Limit Problem with Intergral

[Guest]

Can someone help me on number 4 amd 5? I am stuck, and for number 4, I tried the intergral from 0 to e of (ln(x+1)+1)^2dx.

THANKS. I apperciate your help, and again, thanks for your time in advanced. lol. =]. Yeah. lol k. : ]. Yep, Thanks. lol k. : ]. And again, I apperciate it. lol k. : ]. = ].

 

[pka]

For #5: \(\displaystyle \L
\begin{array}{l}
f(t) = \int_0^t {\sqrt {x^3 + 8} dx} \\
\frac{{df}}{{dt}}(1) = \ {lim}\limits_{h \to 0} \frac{{f(1 + h) - f(1)}}{h} = \ {lim}\limits_{h \to 0} \frac{{\int_1^{1 + h} {\sqrt {x^3 + 8} dx} }}{h} \\
\end{array}\)

 

[soroban]

Hello, atse1900!

I found an approach . . .

#4. The intergral from 0 to e of [ln(x+1)+1]^2 dx

Let: \(\displaystyle \,\ln(x+1)\,+\,1\:=\;w\;\;\Rightarrow\;\;\ln(x+1)\:=\:w\,-\,1\;\;\Rightarrow\;\;x\,+\,1\:=\:e^{w-1}\)

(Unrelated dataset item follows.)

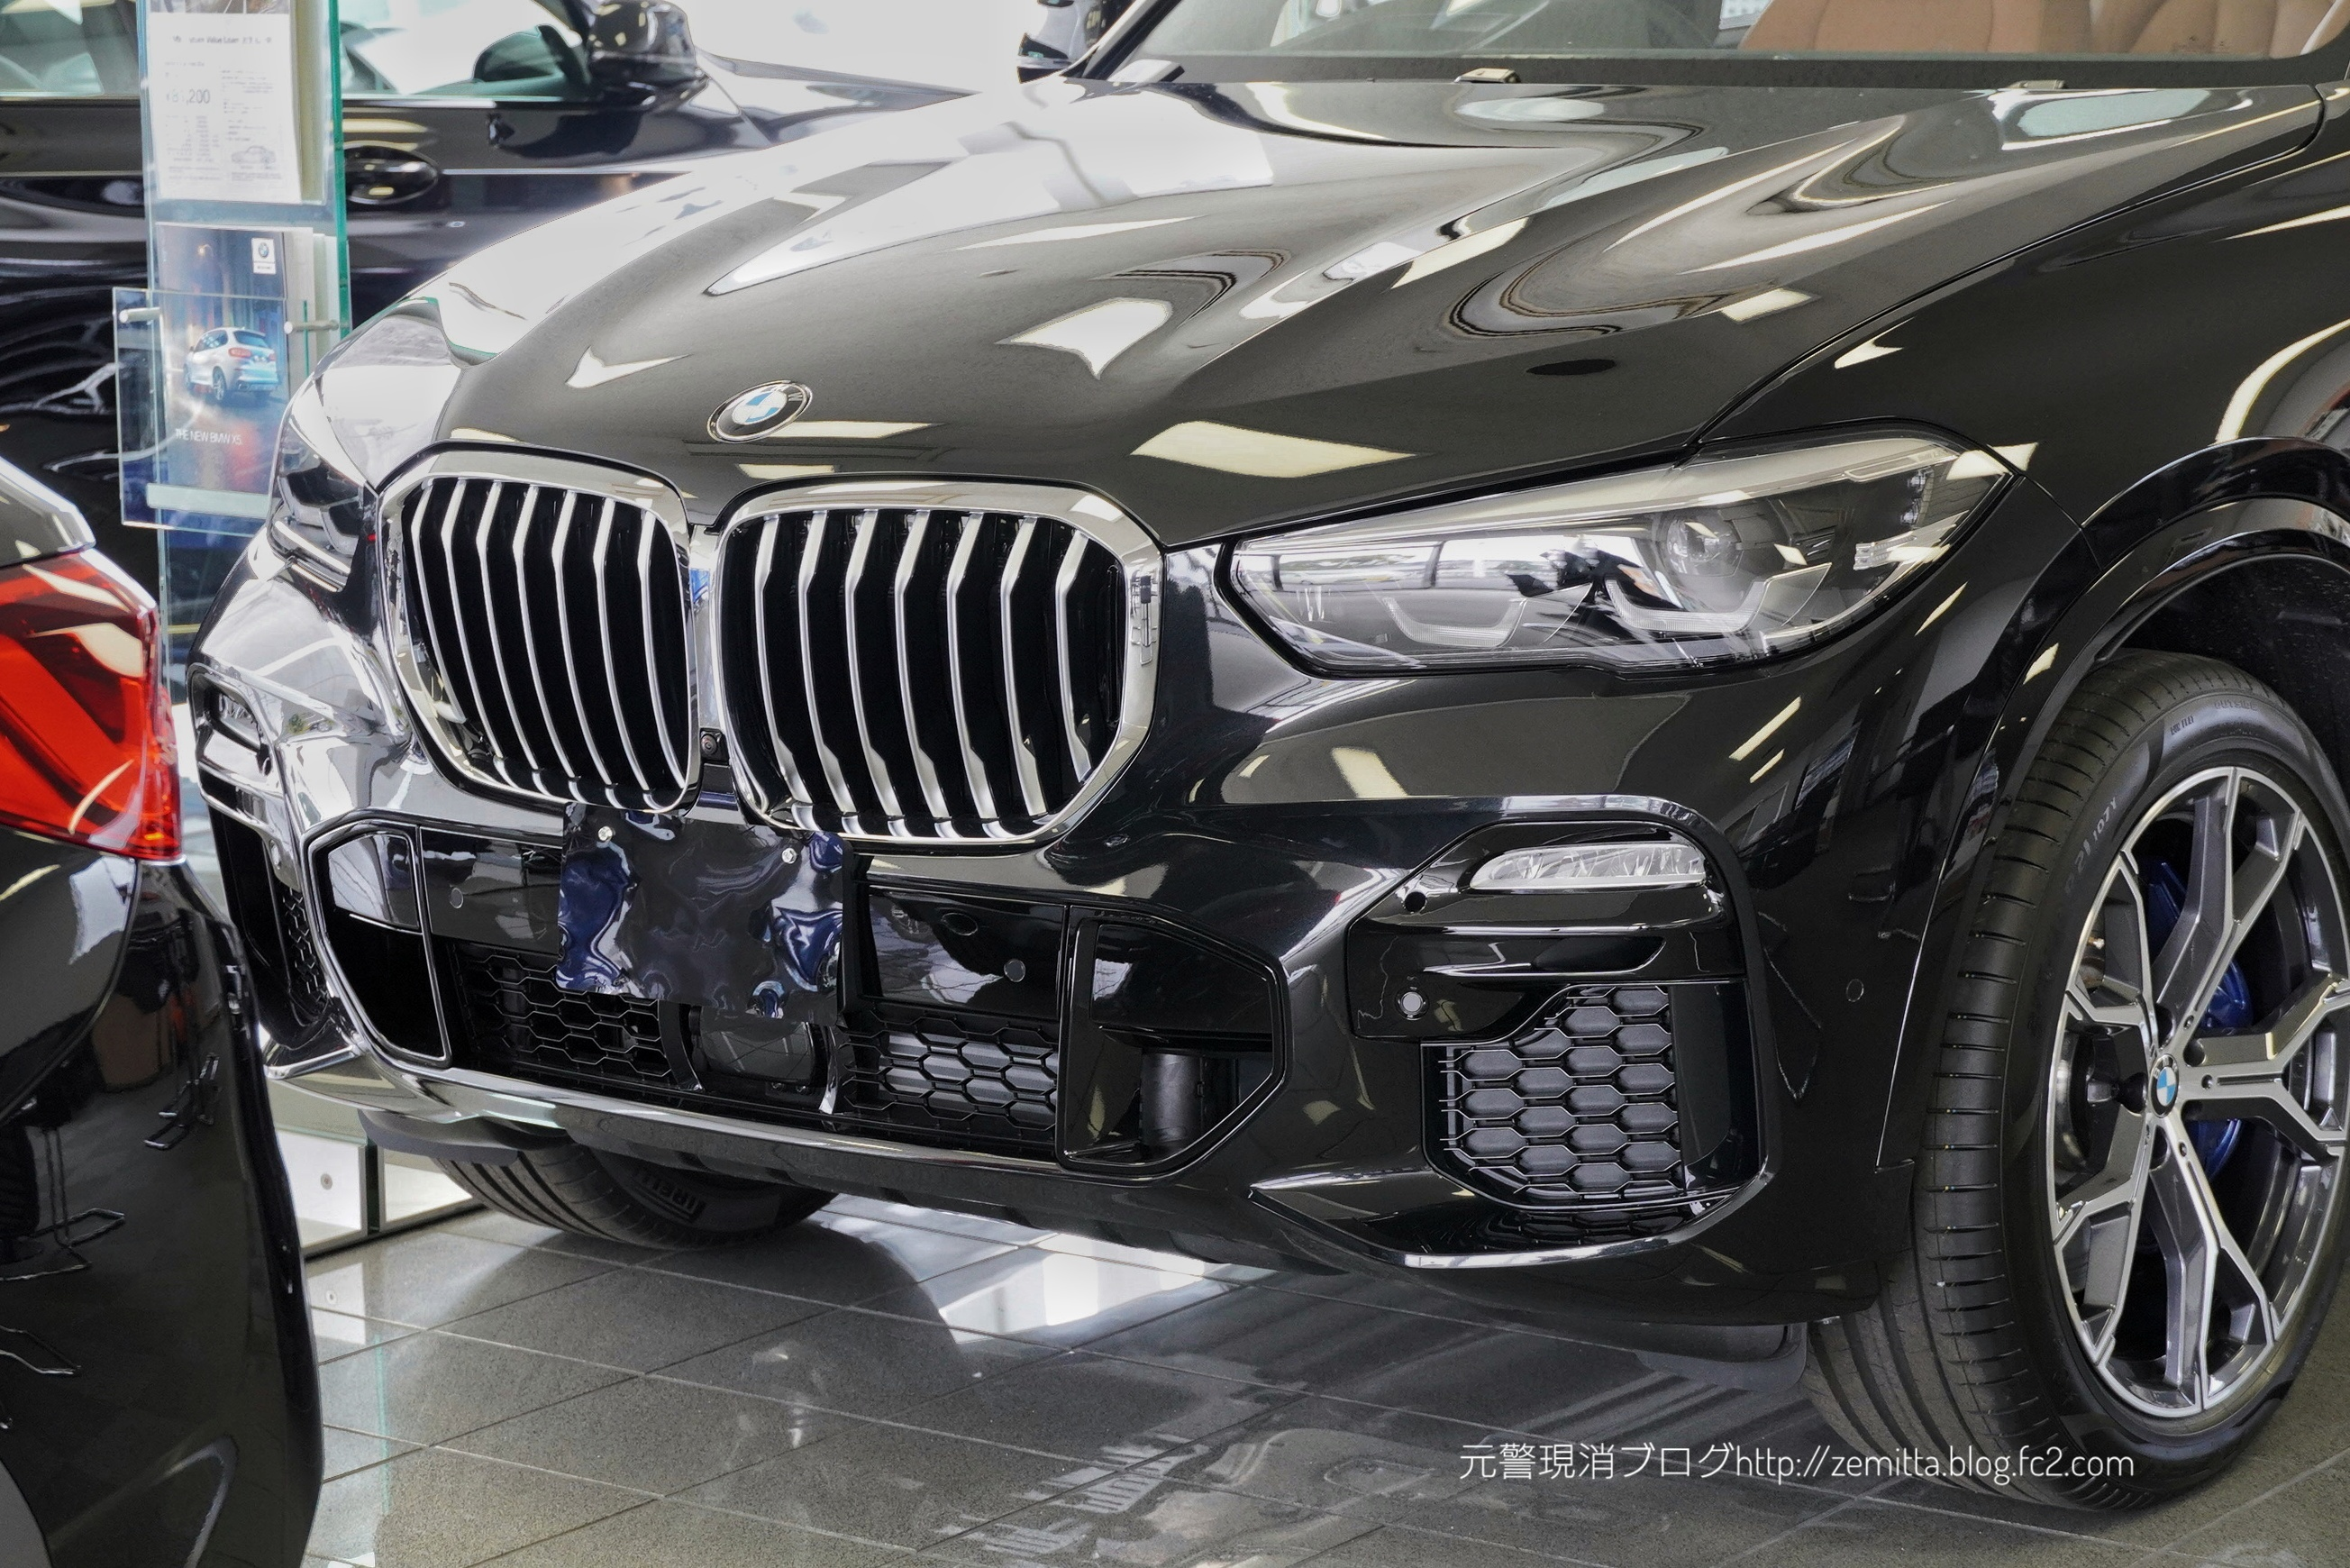 BMWX5ex1.jpeg

\(\displaystyle \;\;\;\Rightarrow\;\;x\:=\:e^{w-1}\,-\,1\;\;\Rightarrow\;\;dx\:=\:e^{w-1}\,dw\)

Substitute: \(\displaystyle \L\,\int\)\(\displaystyle w^2\cdot\,e^{w-1}\,dw\)

Integrate by parts (tabular method) and we get:

\(\displaystyle \;\;\;w^2\cdot e^{w-1}\,-\,2w\cdot e^{w-1}\,+\,e^{w-1}\,+\,C \;=\;e^{w-1}(w^2\,-\,2w\,+\,2)\,+\,C\)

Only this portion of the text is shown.